Page 31 of Just This Once (Stone Family #2)
Taryn
T his isn’t a date.
Number one, because I said so.
And number two, because I’m wearing my frumpiest sweater.
So, it’s definitely not a date.
But Dante is refusing to accept that it is not.
He kept putting his hand on my lower back as we walked from the parking lot to the auditorium and then while we waited in line to show our tickets, and now he sits on the other side of Maddie, with his arm on the back of her chair, his knuckles brushing my shoulder.
During intermission, he took Jake with him to buy a round of waters and snacks for us, even though I told him I didn’t want any, and then he refused to accept money for my kids’ food. Like a gentleman.
What an asshole.
Maddie’s attention has been glued to the stage for the last hour, but every once in a while, Dante ducks down, whispering something in her ear that earns a snicker or whispered response. Because they’re good buddies.
And Jake? I can’t even believe he’s here. Even though he clearly hates it and is slouched so far down in his chair, I can barely see his head, he’s spending the day with us because of Dante. Because Jake has begun to look up to the man.
I am outnumbered.
And out of excuses.
It was easy to cling to my anger and jealousy yesterday, when I saw Dante and his shrew of an ex hanging all over him, but today, there is nothing to keep me anchored to earth. Nothing to keep my heart tethered.
That dumb organ is off floating on cloud nine.
To say nothing of my sex drive.
I hoped by wearing the thick cream sweater and wide-leg pants, I’d be able to prevent Dante’s constant horndog eyes.

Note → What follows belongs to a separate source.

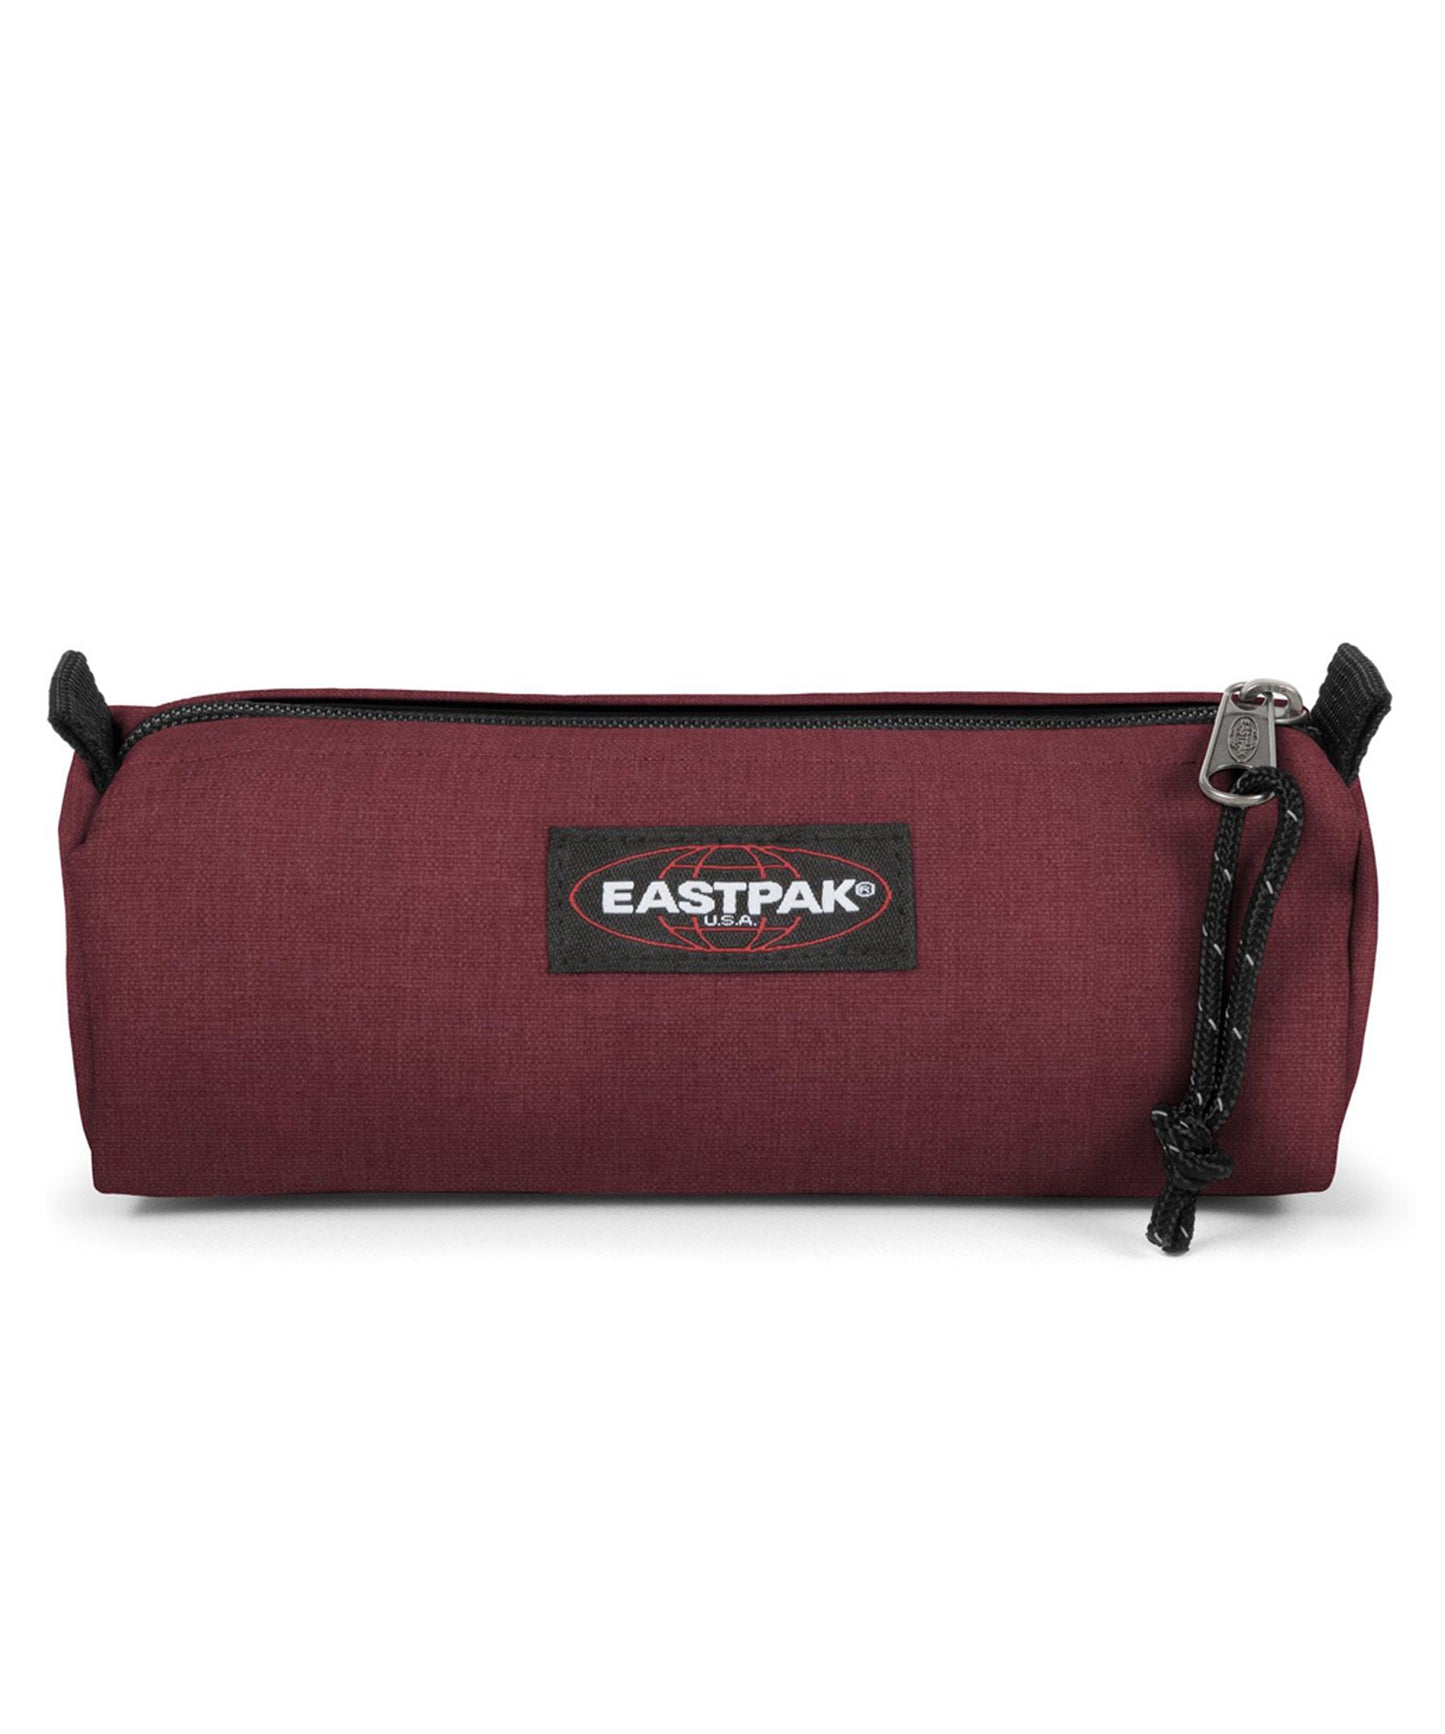 eastpak estuche benchmark de color granate, practico, sencillo, y duradero, cierre con cremallera.

But any time I catch his gaze, I can practically see the movie in his head.
The visions flickering of me on my knees in the kitchen.
Bent over in the shed. Splayed out between his legs in my bed.
He’s replaying it all in his mind.
So am I.
I can’t help it.
Especially when he wraps a lock of my hair around his index finger, tugging gently.
Makes me think of our first night together.
Strip.
Get on top of me.
Feed me your tits.
I don’t realize the ballet is over until everyone around me stands in an ovation. I jump up to follow suit, although I haven’t actually watched anything since the dancers in the candy-cane-striped costumes left the stage .
Dante tosses a knowing grin at me, and I barely restrain myself from flipping him the bird.
The audacity of being hot and charming.
After the show, he ushers us all out of the theater like a mother duck and her chicks to the Christmas market downtown.
It’s a cold but clear day, the blue sky just starting to bleed into orange as the sun sets.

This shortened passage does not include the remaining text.